Impacto do COVID-19 nos centros germinativos

Kaneko et al. 112 examinaram os linfonodos torácicos de pacientes falecidos com COVID-19 e os comparou aos de pacientes que sucumbiram a causas não relacionadas ao COVID-19. Os gânglios linfáticos e baços de pacientes com COVID-19 tinham apenas um terço do número total de células T e células B quando comparados com os controles e os centros germinativos estavam ausentes. Kaneko et al. 112 atribuíram o defeito do centro germinativo à diferenciação prejudicada de células BCL-6 + T foliculares auxiliares (T FH ), que também foram bastante reduzidas em número, embora outros estudos não tenham replicado qualquer redução nas células T FH ou respostas do centro germinativo em pacientes com COVID-19 grave. Consistente com Woodruff et al. 113, Kaneko et al. 112 também relataram níveis aumentados de células IgD  CD27  B extrafoliculares , que também são encontradas em doenças autoimunes como o LES, em suas amostras de linfonodo post-mortem e baço COVID-19. Os autores especulam que a perda de centros germinativos pode estar associada a níveis elevados de TNF em pacientes com COVID-19 grave. Em contraste, Juno et al. 114 havia relatado anteriormente níveis robustos de células T FH circulantes que reconhecem a proteína spike SARS-CoV-2, mas níveis muito mais baixos de T FH circulantescélulas que reconhecem o RBD. Um estudo de uma vacina de nanopartículas lipídicas-mRNA que codifica a proteína spike SARS-CoV-2 em camundongos mostrou indução muito eficiente de centros germinativos e a geração de células T FH específicas para o antígeno, sugerindo que a vacinação pode superar a imunização natural em alguns casos 115 .

Agosto de 2020

Terapia de plasma convalescente

O plasma convalescente, que foi um dos primeiros medicamentos a ser usado no tratamento compassivo de pacientes, recebeu uma autorização de uso de emergência do FDA em 23 de agosto de 2020. Em março de 2020, Shen et al. 116 relataram que cinco pacientes com COVID-19 com síndrome do desconforto respiratório agudo apresentaram melhora clínica após receber plasma convalescente, com três recebendo alta. No entanto, um RCT aberto de plasma convalescente em 103 pacientes com COVID-19 grave ou com risco de vida não mostrou benefícios significativos, conforme relatado em junho de 2020 (ref. 117) Além disso, um estudo multicêntrico aberto de plasma convalescente na Índia não mostrou quaisquer benefícios em termos de melhora clínica ou mortalidade em 28 dias quando comparado com o tratamento padrão em um estudo de 464 pacientes com doença COVID-19 moderada. No entanto, o estudo teve várias limitações, sendo a mais importante que não mediu os títulos de anticorpos anti-SARS-CoV-2 no plasma de doadores 118 . Em setembro de 2020, um estudo retrospectivo de 39 pacientes com COVID-19 grave ou com risco de vida no Hospital Mount Sinai, Nova York, EUA, mostrou um efeito positivo do tratamento com plasma convalescente quando os soros de doadores foram testados para anti-SARS-CoV-2 aumentar títulos de IgG de ≥1: 320 (ref. 119) Em consonância com isso, um ECR de plasma convalescente com altos títulos de IgG contra SARS-CoV-2 em pacientes idosos dentro de 72 horas após o início dos sintomas leves de COVID-19 foi encontrado para reduzir a doença respiratória grave 120 .

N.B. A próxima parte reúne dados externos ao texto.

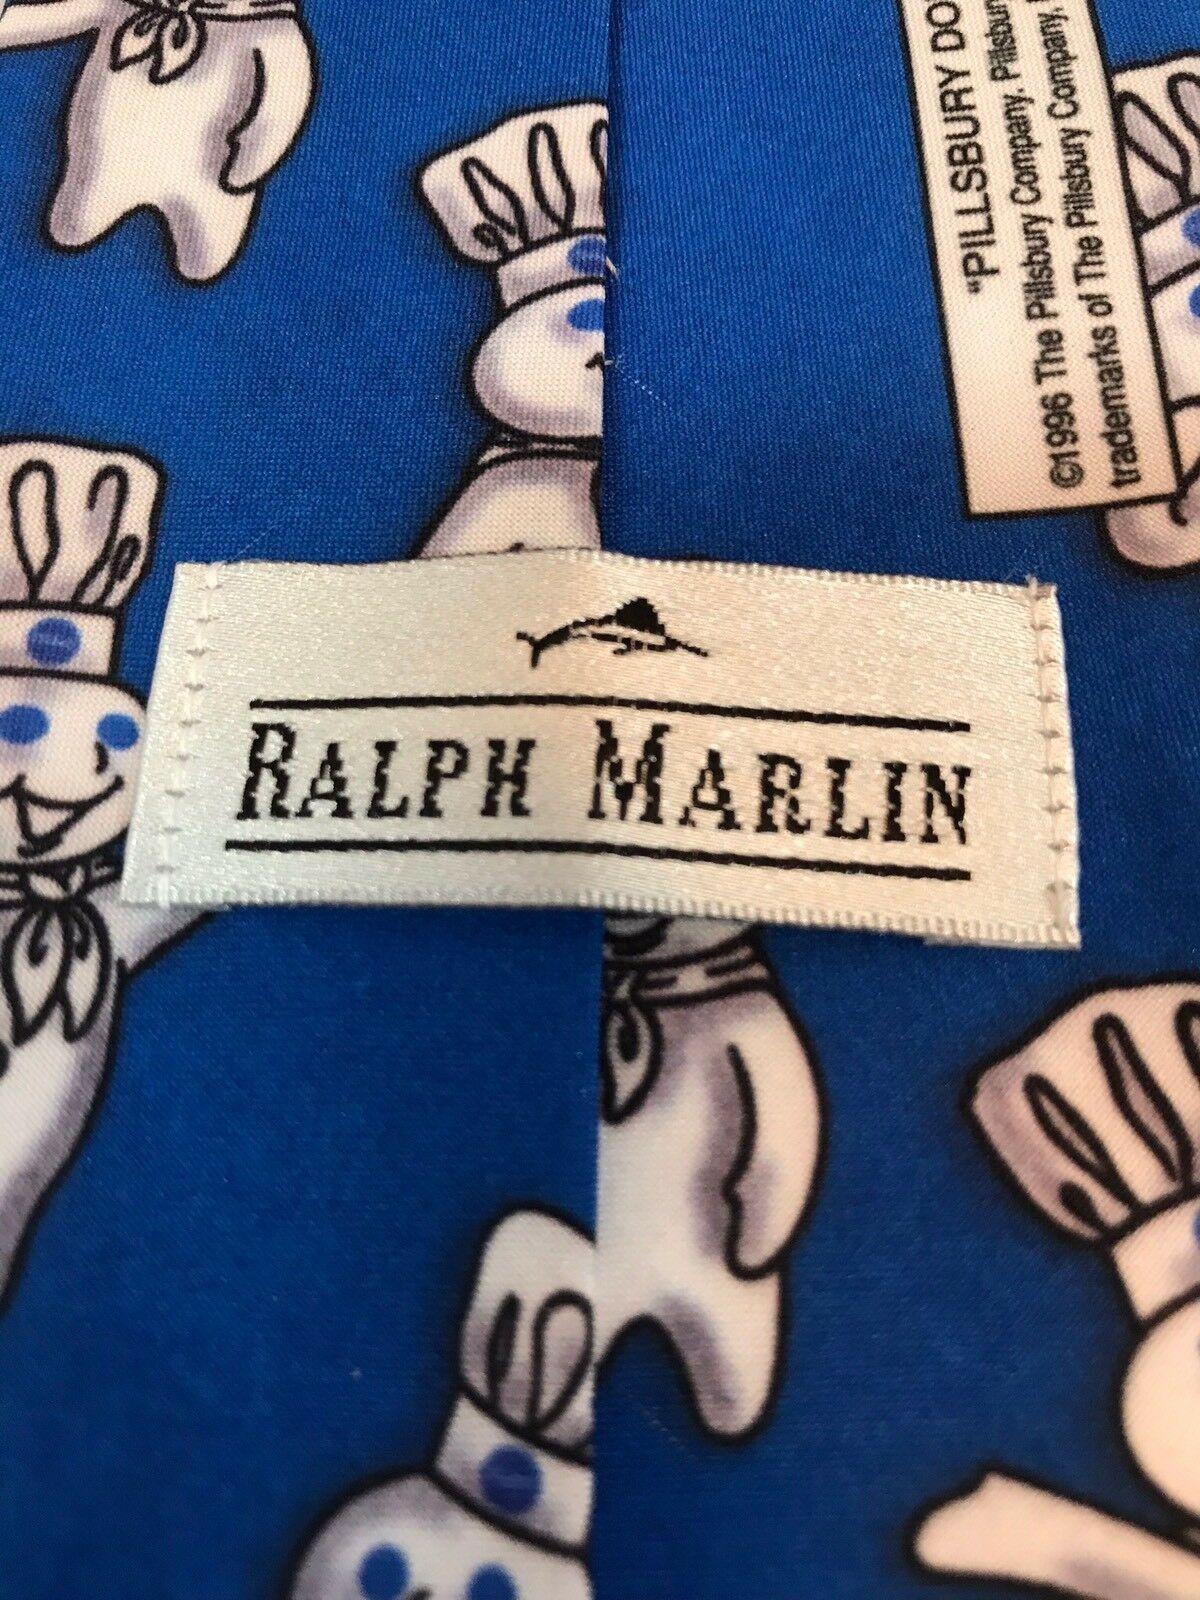 Pillsbury Dough Boy Repeat Ralph Marlin Blue Classic Men's Neck Tie 1996 image 3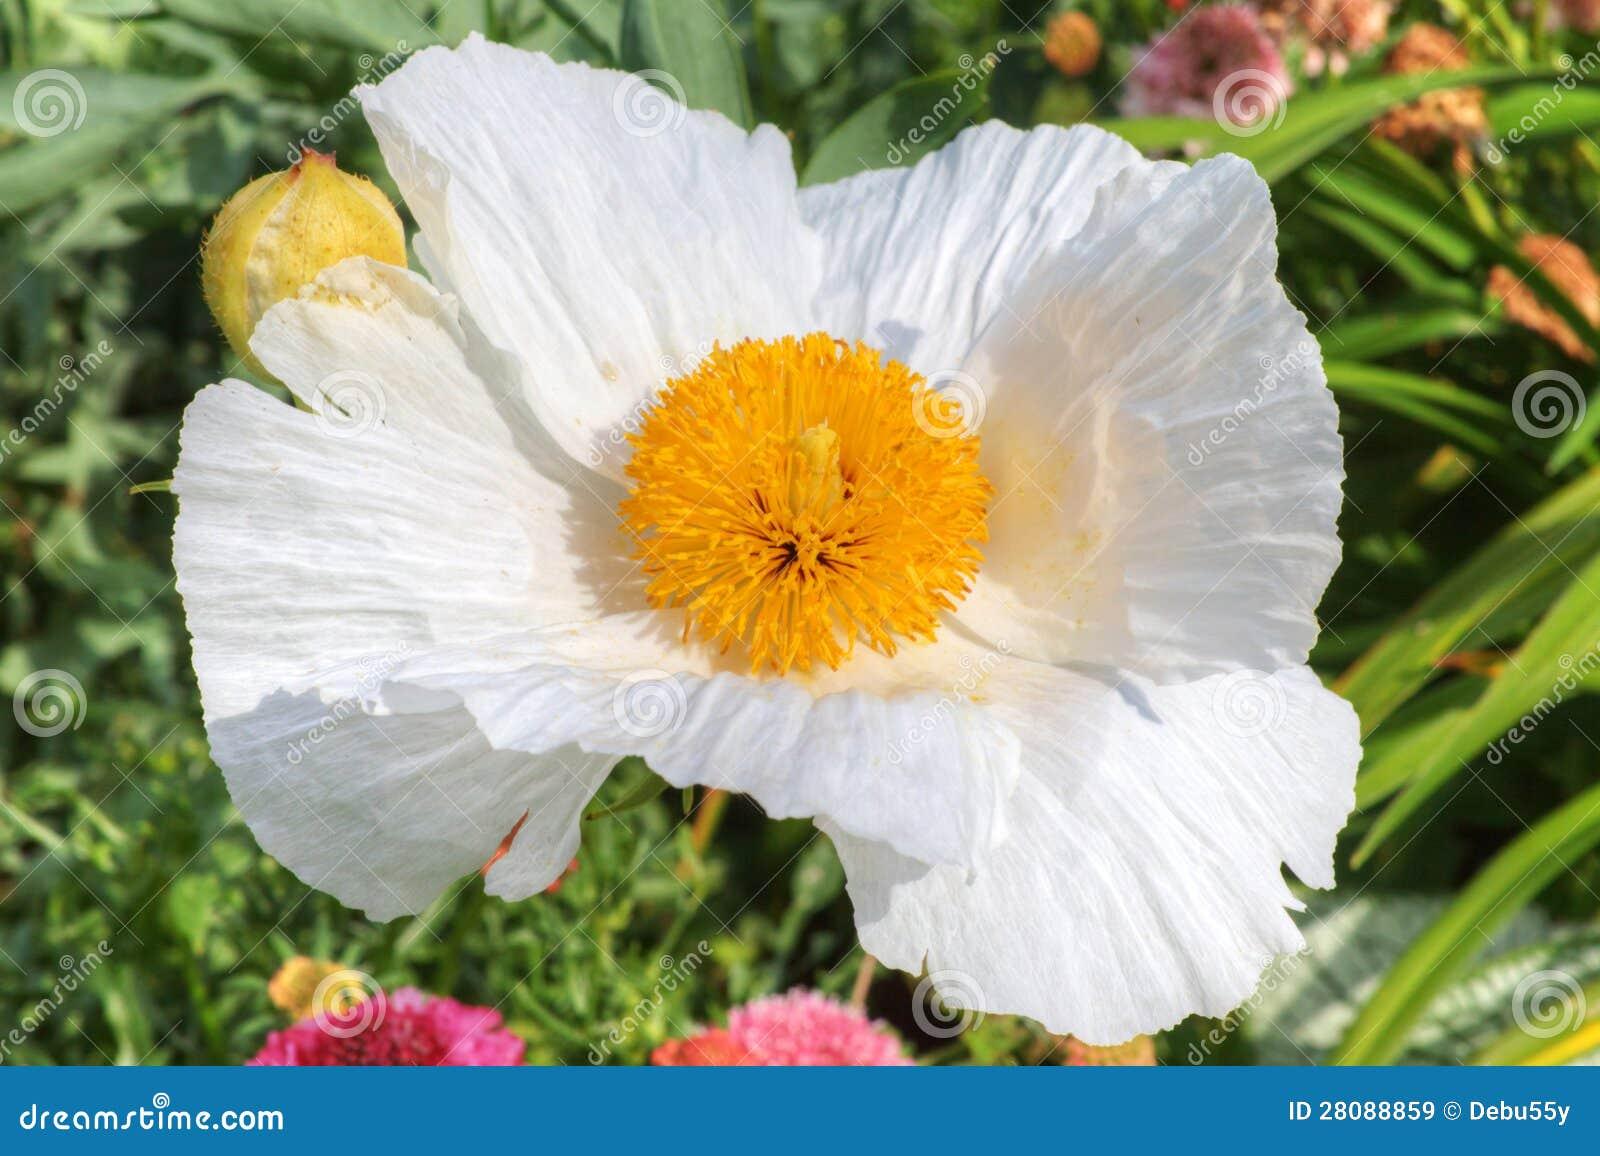 White Tree Poppy Flower Stock Image Image Of Matillija 28088859

A eficácia da maioria das terapias para COVID-19 mostrou variar muito entre os estágios da doença. Além do estágio da doença, a terapia com plasma convalescente é ainda mais complicada pelos diversos títulos de anticorpos dos soros de doadores, a falta de métodos padronizados para medir os títulos de anticorpos neutralizantes e os requisitos onerosos para coleta e transfusão de plasma. Em 15 de janeiro de 2021, o estudo RECOVERY no Reino Unido fechou o recrutamento de pacientes hospitalizados com COVID-19 para terapia de plasma convalescente com base em dados preliminares de 1.873 mortes relatadas entre 10.406 pacientes randomizados, que mostraram que a terapia de plasma convalescente não mostrou nenhuma diferença significativa em termos de o desfecho primário de mortalidade em 28 dias 121 .

Setembro-outubro de 2020

Autoanticorpos em adultos com COVID-19

Além de crianças com MIS-C, anticorpos autorreativos também foram observados em pacientes adultos com COVID-19. Por exemplo, os pacientes mostraram ter níveis aumentados de autoanticorpos que são encontrados em doenças reumáticas, incluindo anticorpos antinucleares e anticorpos anti-fator reumatóide 122 , bem como anticorpos para anexina A2 (ref. 123) As células B circulantes em pacientes gravemente enfermos com COVID-19 são fenotipicamente semelhantes às células B extrafoliculares previamente identificadas em pacientes com doenças autoimunes, como o LES. Curiosamente, a frequência de células B extrafoliculares em pacientes com COVID-19 se correlacionou com a produção precoce de altos títulos de anticorpos neutralizantes, bem como com biomarcadores inflamatórios (como a proteína C reativa) e danos a órgãos 113 . Usando uma nova ferramenta chamada Rapid Extracellular Antigen Profiling (REAP), em dezembro de 2020, Wang et al. 124identificaram uma ampla gama de autoantígenos direcionados por anticorpos em pacientes com COVID-19 grave. Estes incluem anticorpos para citocinas, interferons, quimiocinas e leucócitos, que podem afetar diretamente a natureza da imunidade antiviral, bem como anticorpos para antígenos específicos de tecido expressos no sistema nervoso central, vasculatura, tecidos conjuntivos, tecido cardíaco, tecido hepático e trato intestinal , que poderia causar danos aos órgãos mediados por anticorpos 124 . De fato, autoanticorpos foram encontrados em pessoas com sintomas de longo prazo de COVID-19 (COVID longo) meses após a infecção 125 . Atualmente, não se sabe por quanto tempo esses autoanticorpos persistem e se eles podem levar à doença autoimune ou se os autoanticorpos têm um papel patogênico na COVID longa.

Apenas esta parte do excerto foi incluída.